Student Loan Debt Relief In Limbo After Court Order

After a court order blocked the Biden administration's student loan forgiveness program late last week, the ability to apply for the debt relief has been paused, reports CNBC’s Annie Nova. A note at the the top of the page reads, in part, “at this time, we are not accepting applications. We are seeking to overturn those orders. If you've already applied, we'll hold your application.” The Department of Education webpage directs those who are interested to subscribe and check back for updates, noting that more details will be posted when updates are available.

In late August, President Biden announced millions of Americans would be eligible for student loan forgiveness (if they met certain income limits): up to $20,000 if they received a Pell Grant, a type of aid available to low-income families, and as much as $10,000 if they didn’t. Previously, Nova explains, the Education Department said borrowers would receive forgiveness within six weeks after applying. The full application launched Oct. 17, and within three weeks, some 26 million people had requested the relief. Since then, CNBC reports,16 million of those requests have been approved.

Surviving A Layoff: Negotiate Severance, Keep Social Posts Positive

While the overall U.S. job market remains strong, layoffs in the tech industry of thousands of workers from Twitter and Facebook’s parent company, Meta, and more recently with the reporting of impending layoffs of 10,000 Amazon workers, some people are (understandably) wondering if they could be next. The Wall Street Journal’s Vanessa Fuhrmans offers this guide for coping with a job loss and the steps to take immediately with your employer, colleagues and support network if you are let go. First up: Determine exactly what type of separation it is. There are key differences, she writes, between furloughs, layoffs and terminations that can impact your ability to receive certain benefits and draw unemployment. If you’re at all unsure, check with your HR department.

The next step is to negotiate a severance package. “In many cases,” Fuhrmans explains, “severance pay isn’t required by law, but some companies have established policies for offering it. The typical formula for a severance package is one or two weeks of pay for each year of service. This is either negotiated when a job is offered or when a job is terminated.” This is likely your only chance to negotiate for more money and extended health insurance coverage. While it may feel extremely awkward, don’t hesitate to explain your personal circumstances. Remember, the answer is always no if you don’t ask. And once your separation details are finalized, it’s important to stay positive as you let those in your social media networks (along with friends and family) know about the layoff. Keep LinkedIn and Facebook messages upbeat, conveying you are open to new career options.

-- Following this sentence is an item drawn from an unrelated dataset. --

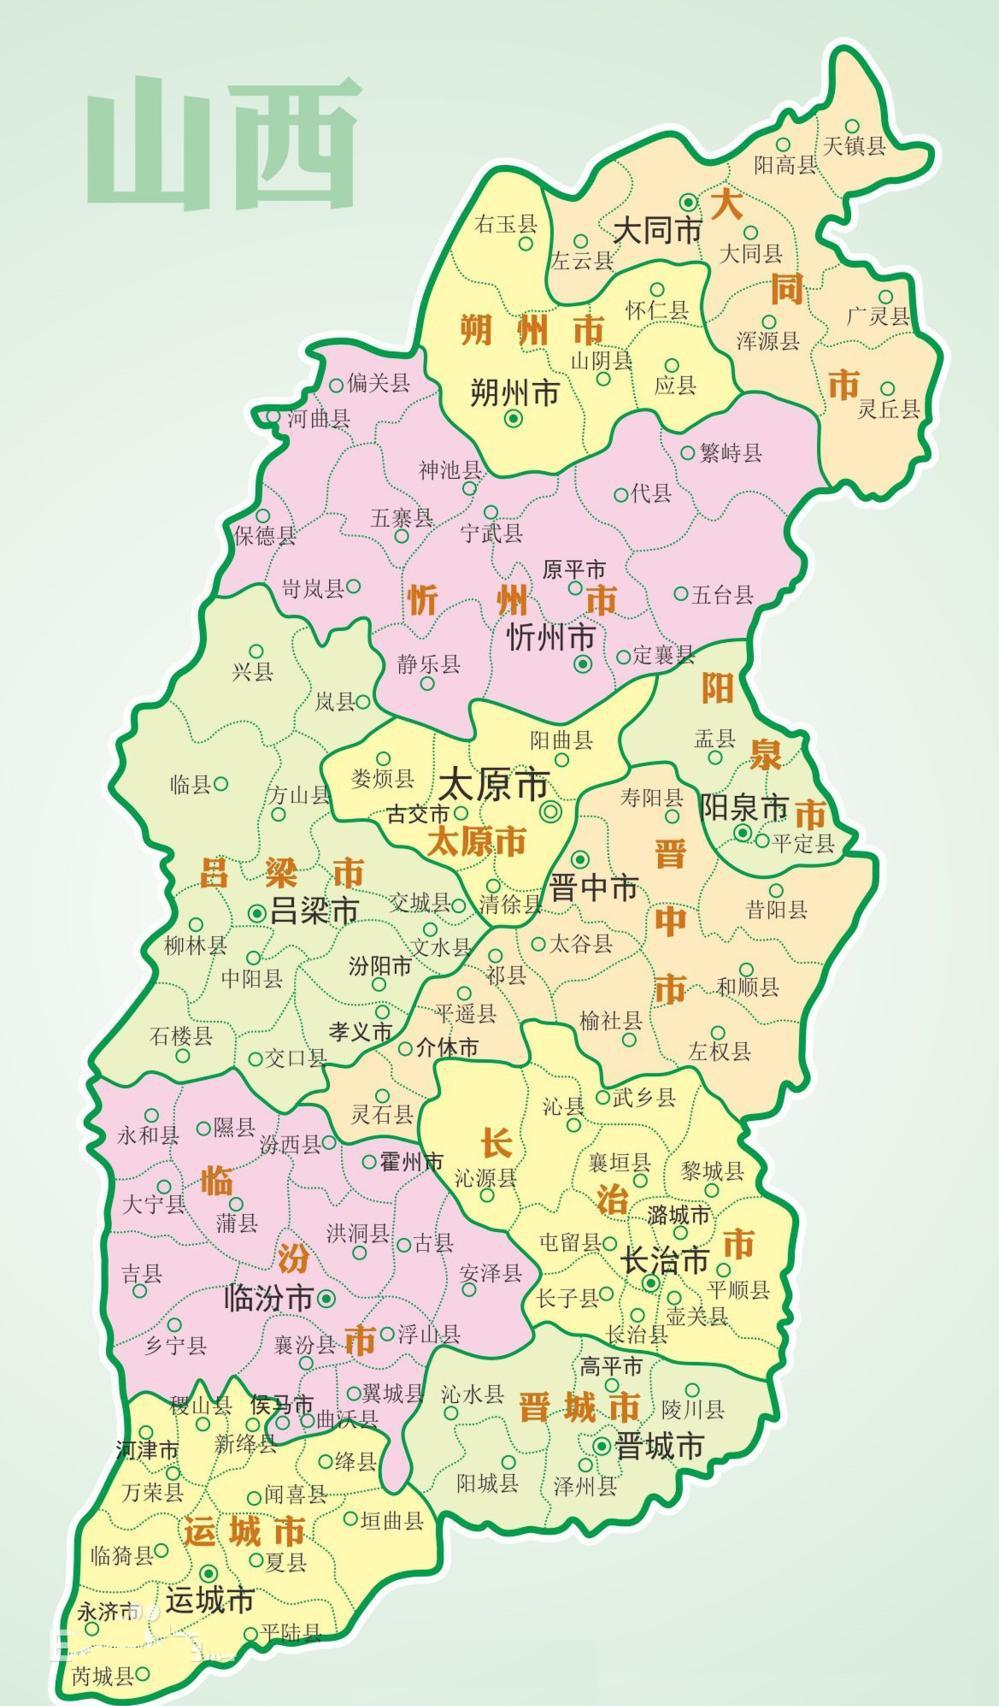 明朝时期, 山西省下辖4府20州77县, 您的家乡属于哪里?

In other words, try to look forward rather than back.    

How To Land A Job Between Thanksgiving And Year End  

Speaking of job searches… Whether you have been recently let go or you’re simply seeking a better opportunity, the often-relaxed stretch between Thanksgiving and New Year’s Eve may be an unexpected yet perfect time to nail down a new career. That’s the idea from Forbes’ Senior Contributor Jack Kelly, who explains that having a contrarian view and some tenacity this holiday season can help your search. He suggests using this season to rekindle old relationships, reach out to former co-workers and college alumni to build up your network.

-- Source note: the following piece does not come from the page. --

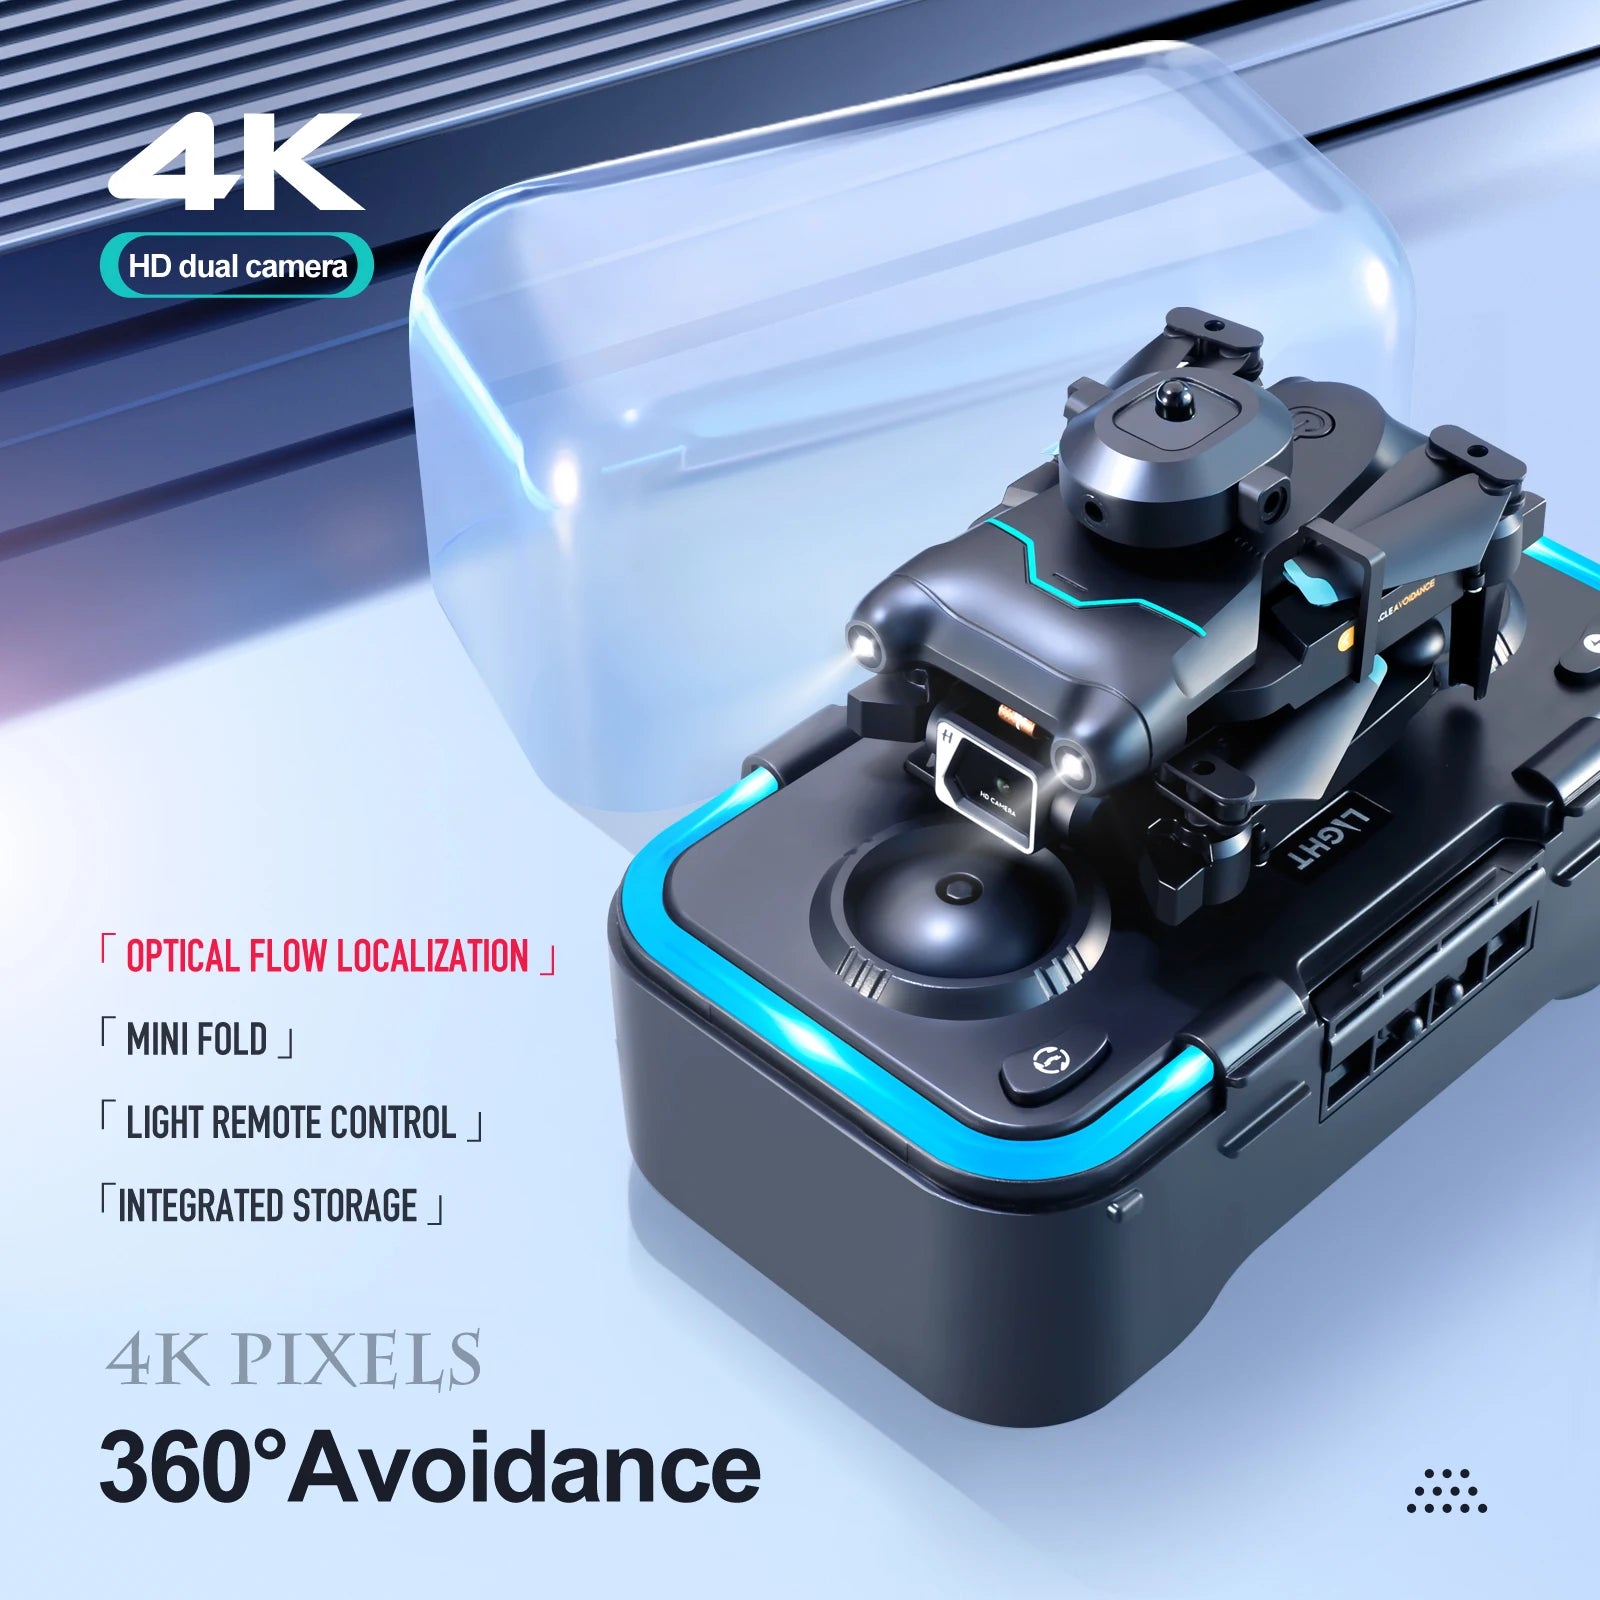 4k hd dual camera optical flow localization . mini

“One of the best ways to find a job is not through responding to a job advertisement,” he explains, “but to have an insider at a company recommend you for the role.”

It’s often who you know that helps cut through the applications, multiple interviews and other hoops associated with some high-level positions. One more tip: Seek out job recruiters active in your field and don’t be shy about sharing your talents, experience, work history, accomplishments and soft skills such as emotional intelligence. Most headhunters work on contingency searches, Kelly notes, so they only get paid if they successfully place you — even during the holidays.